Will this require town and community councils to make greater provision through reserves to offset risk?

'Yes' is the answer to that question—[Inaudible.]  And I think that if I had a criticism on reserves, it is that the audit office appears to apply a percentage against the precept as to what you should have in reserves. So, you take a smaller council that might have two years' worth of precept as reserves. But, if they are running public toilets and they get vandalised, it doesn't matter how big they are; it's still going to cost the same money, and suddenly you find that your reserves have all gone. So, I think that there needs to be a little bit more of a central approach as to what are the right reserves for town and community councils to hold. Probably, they need to be allowed to hold, or not be criticised for holding a bit more nowadays than in previous years.  

Can I just reiterate in terms of Mark's point? Let's be quite clear, councils have to attain a level of assurance through meeting three criteria: to have a professional clerk, fully qualified and fully competent; councillors fully trained; unqualified audit accounts for a period. So, it is providing assurance. It's not a case of any council just starts using GPoC; they have got to attain these three criteria before that.

Indeed, Lyn. I think that Mark has some further questions on some of the issues around that.

The Society of Local Council Clerks notes the importance of clerks possessing the sector-specific qualification. Why do you believe that it's not already a requirement to hold the necessary qualification, and is there sufficient capacity to deal with a potential increase in requests from clerks to acquire the relevant qualification?

As a professional body, we've advocated, since we came into existence, about professionalising clerks to better inform and properly advise their councils. So, the present position is, from the society's standpoint, that councils should employ a qualified clerk. And indeed, through the programme of training and self-improvement that's being developed through the national training and advisory group—and that's a group, or a think tank if you like, involving Welsh Government officers, Welsh Local Government Association representatives, One Voice Wales, and the Society of Local Council Clerks—it sets the national training strategy for both councillors and clerks.

Basically, the Certificate in Local Council Administration, or CiLCA, qualification, if you like, then gives a clerk all the necessary skills and insight into managing a local council. So, our stance, even though up to this point there has been no legal requirement to hold it, is that we believe that this is a starting point to professionalise the sector. Something that I mentioned earlier, Mark, about increasing capability and capacity—this very much ties into that point about increasing capability and capacity.

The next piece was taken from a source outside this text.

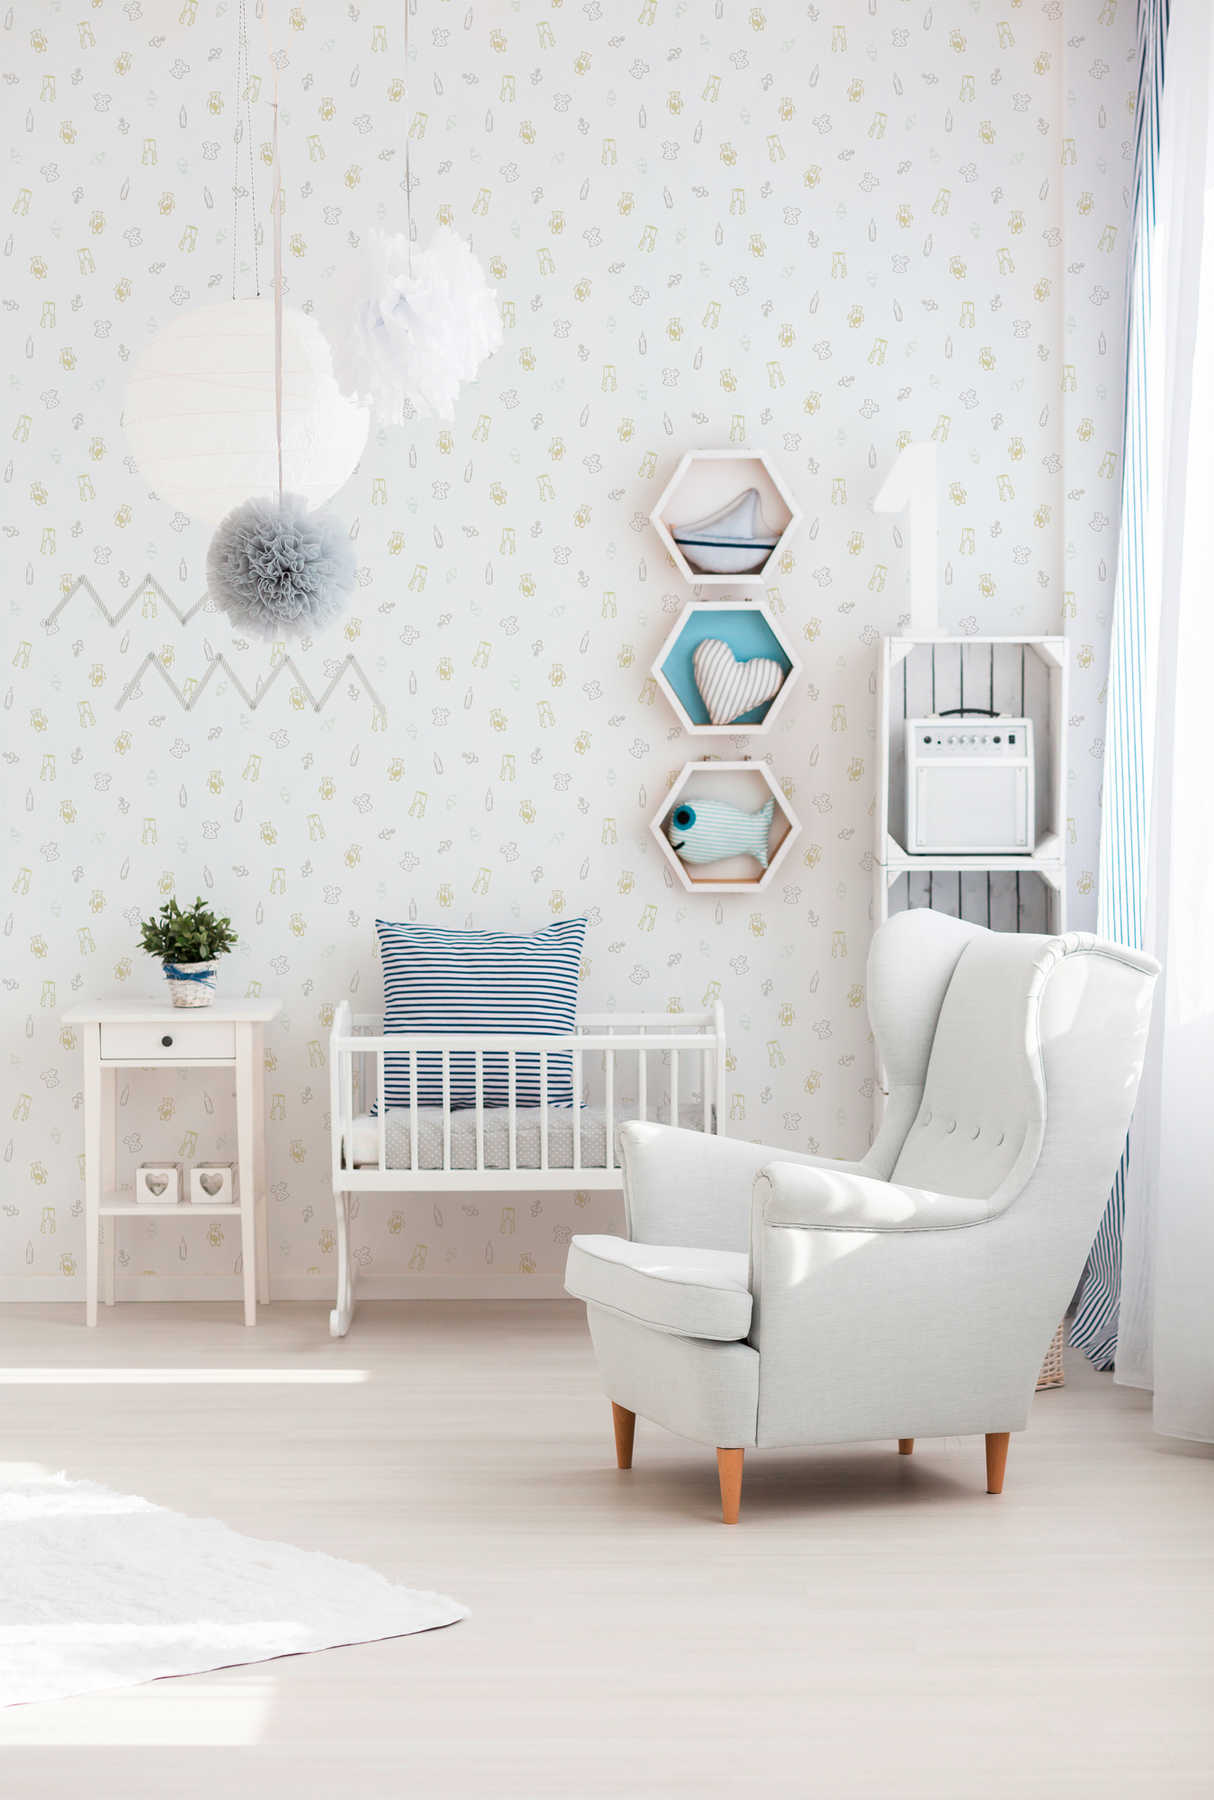             Tapete Babyzimmer mit süßem Muster – Metallic, Weiß
        
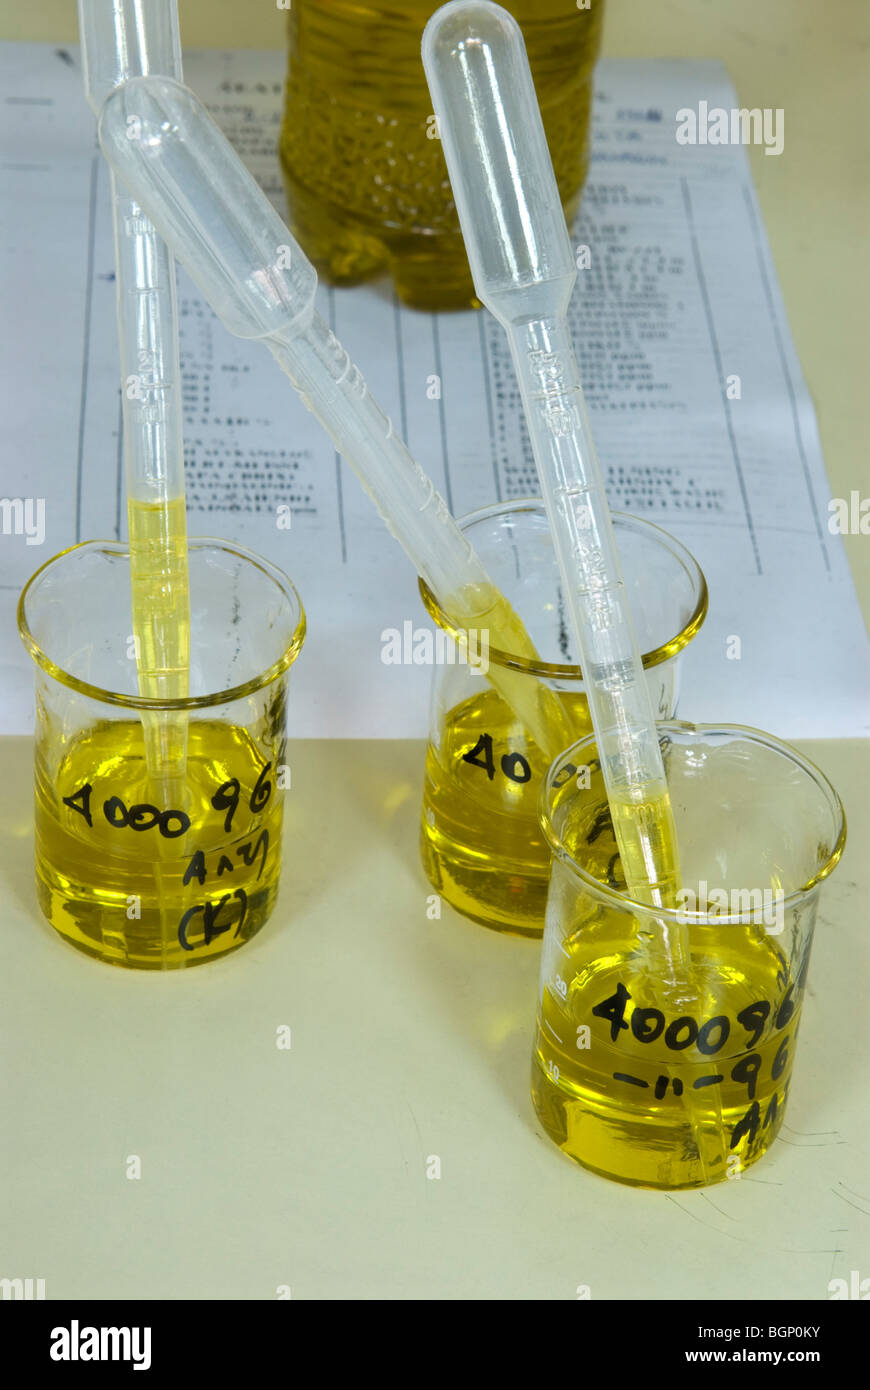 Formulario de calidad del aceite de oliva y contenedores con muestras Foto de stock

We would like to see, eventually, people seeing this as a career of choice, going forward, as a clerk representing a council.

Unfortunately, there are many examples at the moment of perhaps somebody meeting down the pub and saying, 'There's a job going. Can you come and service our meetings? It's only a couple of meetings a week and doing this, that and the other.' But when they get in to do the role, they realise it's much bigger than that in terms of looking at the statutory responsibilities that have to be fulfilled, even for smaller councils. I don't know, Lyn, if you want to pick up on that.


I think we need to look at this in the round. Principal authorities in the early 1980s didn't have the level of regulation that they've got around them now. Community and town councils 15 years ago were largely there to be consulted on a planning inquiry, maybe, and not a lot else. That's not the case now. We are seeing, year on year, more duties being placed—the Environment (Wales) Act 2016, the Well-being of Future Generations (Wales) Act 2015—these are duties that are coming through and being placed on the sector. Let's not forget that the auditor general himself has introduced a completely different audit regime for the sector, so we do need SLCC-qualified, we do need sector-specific qualifications because we are different to a unitary authority. We have not a difference of opinion, but there is, certainly from our members, the issue around GPOC where you have, say, for example, a fully qualified barrister, maybe, who's carrying out a town clerk role—how that professional qualification is regarded is a bit of an issue for some of our members, because it's about—. What if that person says, 'Look, I'm not going to go and do the SLCC qualification.' Does that mean we can't ever get GPOC? Well, probably that is the case. But we are very supportive of the SLCC qualification, we see it as a qualification for the sector. We are moving forward as a sector. We're not just dealing with an occasional planning inquiry—we are dealing with community asset transfer and the devolution of services. We're dealing with various other duties under various Acts, and we need competent people to do that and to advise councillors appropriately.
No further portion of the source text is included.